▸ Description of the task: Omit the pictures and extract only the lines from the line containing "Handgefertigte Filigran- und" to the end of the material, each exactly as written.
━━ Source data
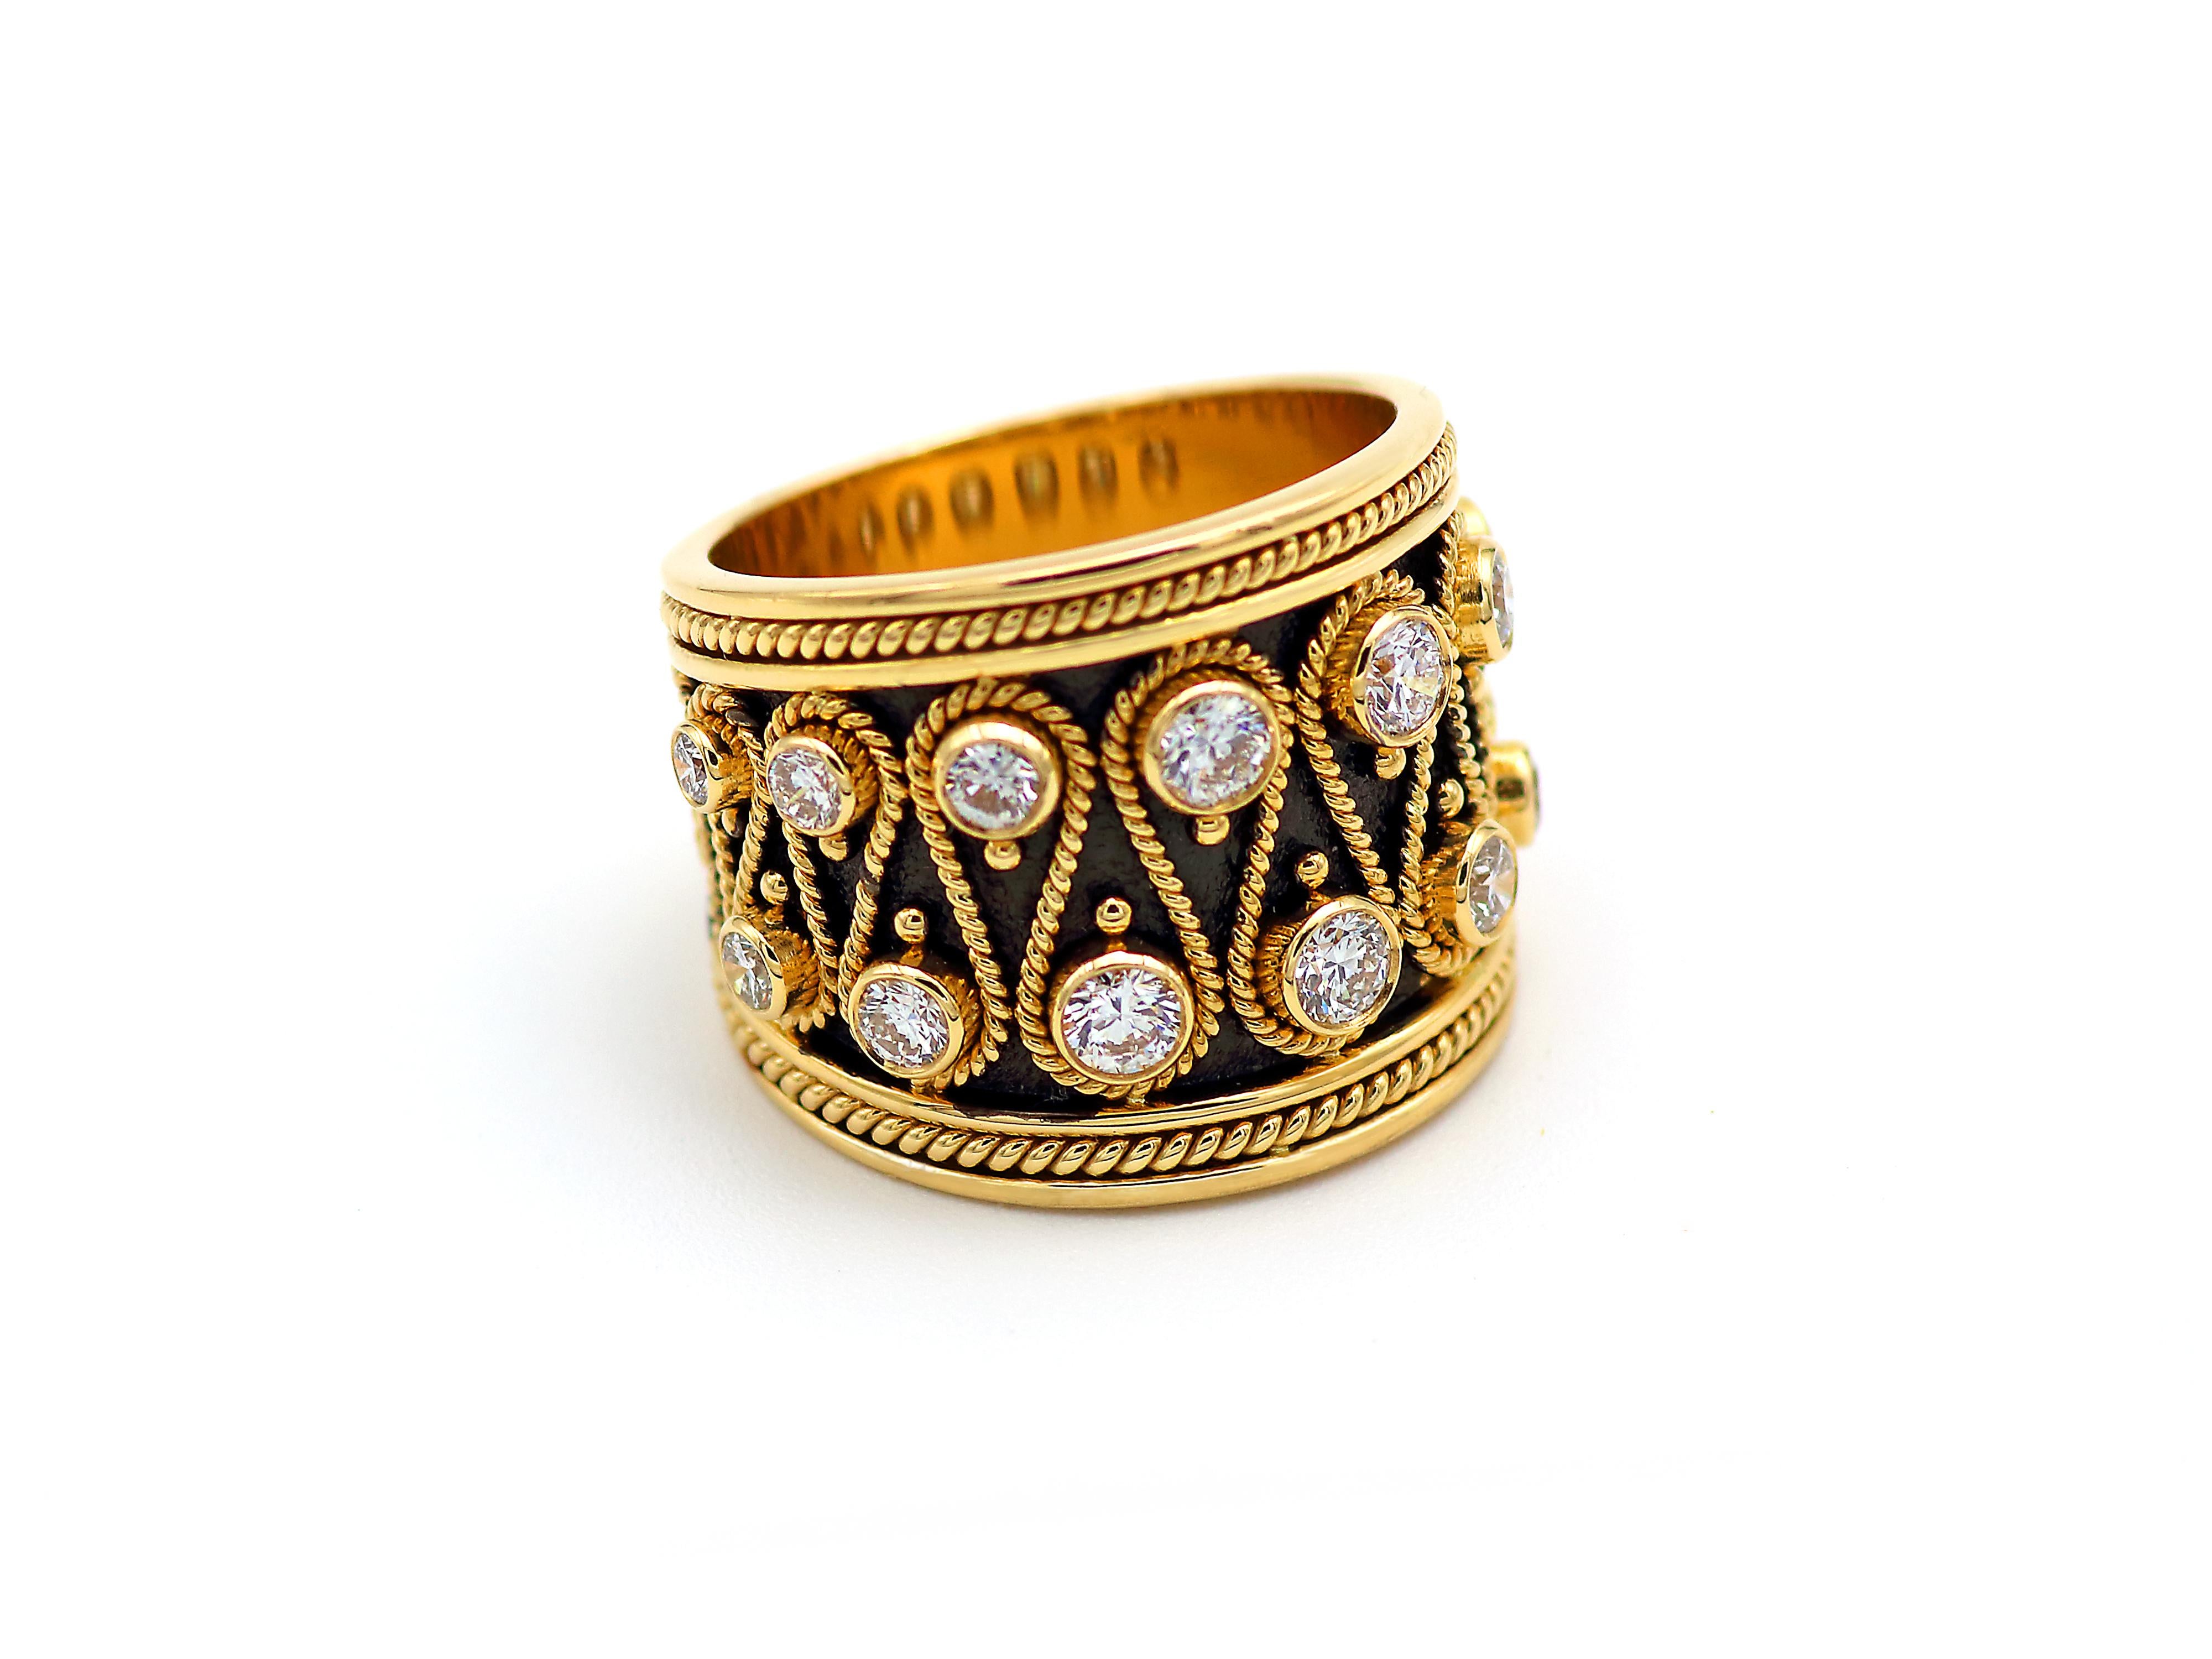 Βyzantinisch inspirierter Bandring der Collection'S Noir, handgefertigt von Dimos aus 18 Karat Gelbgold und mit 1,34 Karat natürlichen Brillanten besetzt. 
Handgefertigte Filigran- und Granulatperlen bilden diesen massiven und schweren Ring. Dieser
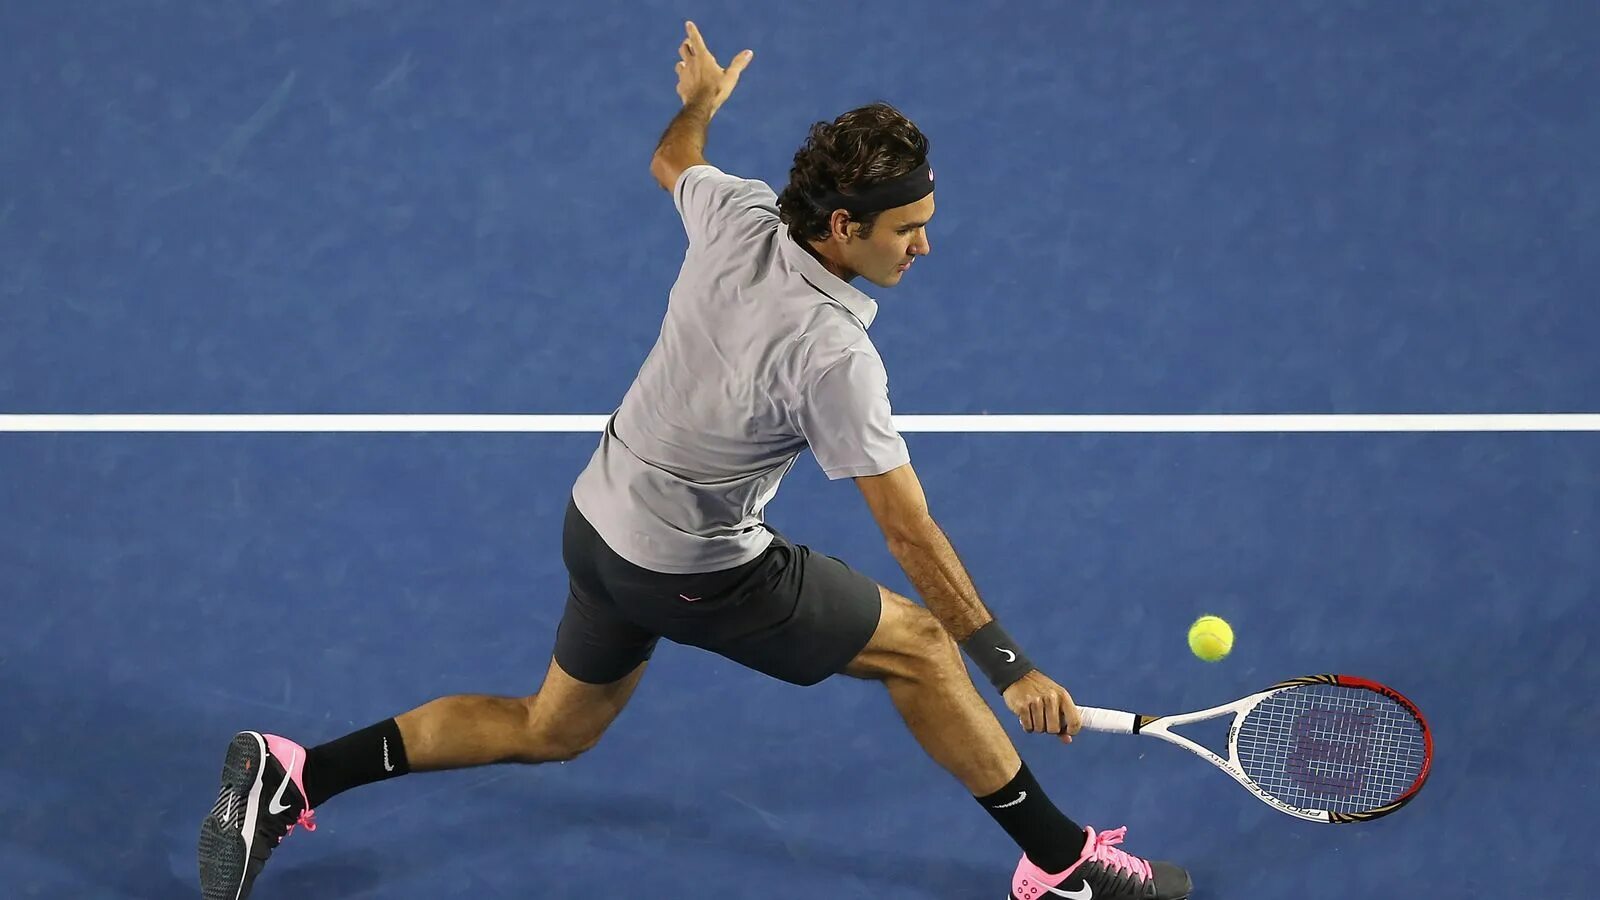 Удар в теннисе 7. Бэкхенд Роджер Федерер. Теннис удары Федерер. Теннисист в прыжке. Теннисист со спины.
━━━━
▸ Finished exercise:
Handgefertigte Filigran- und Granulatperlen bilden diesen massiven und schweren Ring. Dieser
 Удар в теннисе 7. Бэкхенд Роджер Федерер. Теннис удары Федерер. Теннисист в прыжке. Теннисист со спины.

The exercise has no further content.